Department of Radiology, Northwestern University Feinberg School of Medicine, Chicago, IL 60611, USA.
AJR Am J Roentgenol. 2011 Mar;196(3):553-61. doi: 10.2214/AJR.10.4580.
The purpose of our study was to compare the utility of MR elastography (MRE) and diffusion-weighted imaging (DWI) in characterizing fibrosis and chronic hepatitis in patients with chronic liver diseases.
Seventy-six patients with chronic liver disease underwent abdominal MRI, MRE, and DWI. Severities of liver fibrosis and chronic hepatitis were graded by histopathologic analysis according to standard disease-specific classifications. The overall predictive ability of MRE and DWI in assessment of fibrosis was compared by constructing a receiver operating characteristic (ROC) curve and calculating the area under the curve (AUC) on the basis of histopathologic analysis.

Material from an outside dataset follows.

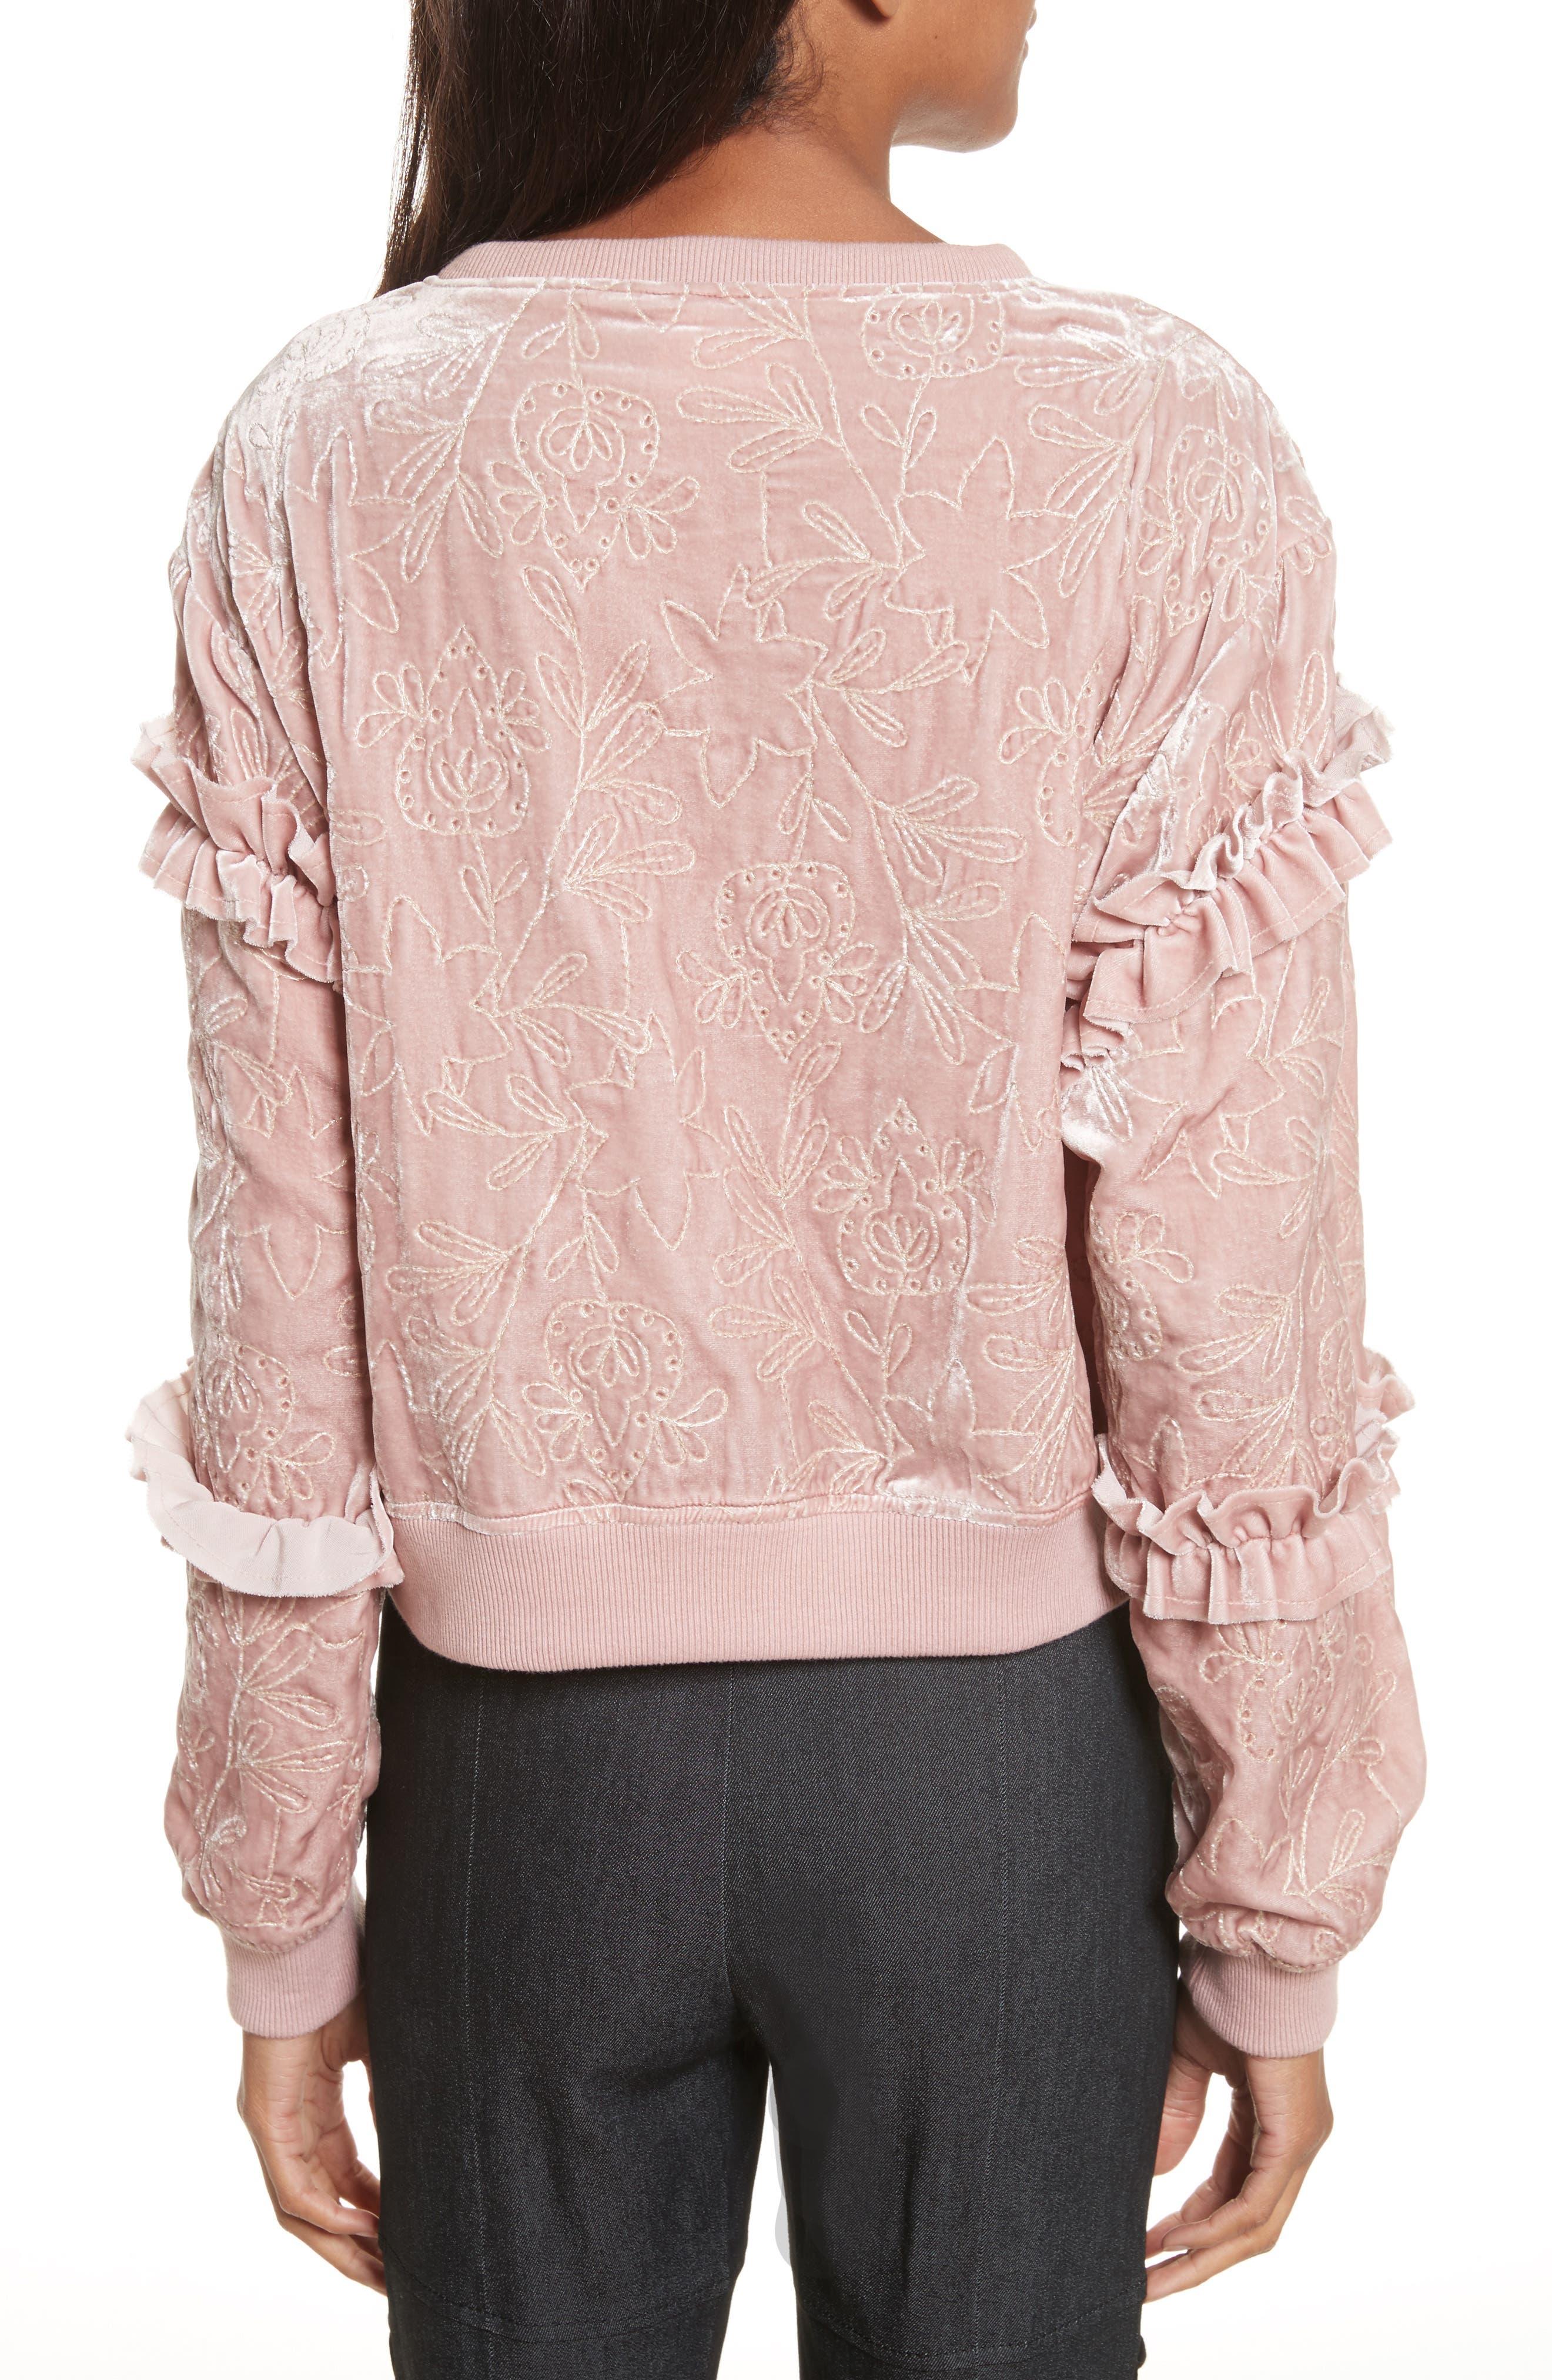 Nara Embroidered Velvet Sweatshirt,                             Alternate thumbnail 2, color,                             Mauve

Using ROC analysis, MRE showed greater capability than DWI in discriminating stage 2 or greater (≥ F2), stage 3 or greater (≥ F3), and cirrhosis (≥ F4), shown as significant differences in AUC (p = 0.003, p = 0.001, and p = 0.001, respectively). Higher sensitivity and specificity were shown by MRE in predicting fibrosis scores ≥ F2 (91% and 97%), scores ≥ F3 (92% and 95%), and scores F4 (95% and 87%) compared with DWI (84% and 82%, 88% and 76%, and 85% and 68%, respectively). Although MRE had higher ability in identification of liver with fibrosis scores ≥ F1 than DWI, a significant difference was not seen (p = 0.398). Stiffness values on MRE increased in relation to increasing severity of fibrosis confirmed by histopathology scores; however, a consistent relationship between apparent diffusion coefficient (ADC) values and stage of fibrosis was not shown. In addition, liver tissue with chronic hepatitis preceding fibrosis may account for mild elevation of liver stiffness.
MRE had greater predictive ability in distinguishing the stages of liver fibrosis than DWI.
本研究旨在比较磁共振弹性成像(MRE)和弥散加权成像(DWI)在评估慢性肝病患者肝纤维化和慢性肝炎中的作用。
76 例慢性肝病患者行腹部 MRI、MRE 和 DWI 检查。根据标准疾病特异性分类,对肝纤维化和慢性肝炎的严重程度进行组织病理学分析分级。通过构建受试者工作特征(ROC)曲线并基于组织病理学分析计算曲线下面积(AUC),比较 MRE 和 DWI 评估纤维化的总体预测能力。
采用 ROC 分析,MRE 在鉴别 2 期或更高级别(≥F2)、3 期或更高级别(≥F3)和肝硬化(≥F4)方面优于 DWI,AUC 差异有统计学意义(p=0.003、p=0.001 和 p=0.001)。MRE 在预测纤维化评分≥F2(91%和 97%)、≥F3(92%和 95%)和 F4(95%和 87%)方面的灵敏度和特异性均高于 DWI(84%和 82%、88%和 76%以及 85%和 68%)。虽然 MRE 在鉴别纤维化评分≥F1 的肝组织方面优于 DWI,但差异无统计学意义(p=0.398)。MRE 检测的肝脏硬度值随组织病理学评分提示的纤维化严重程度增加而升高,但与纤维化分期之间未见一致性关系。此外,可能由于纤维化之前存在慢性肝炎,肝脏硬度轻度升高。
MRE 在鉴别肝纤维化分期方面优于 DWI。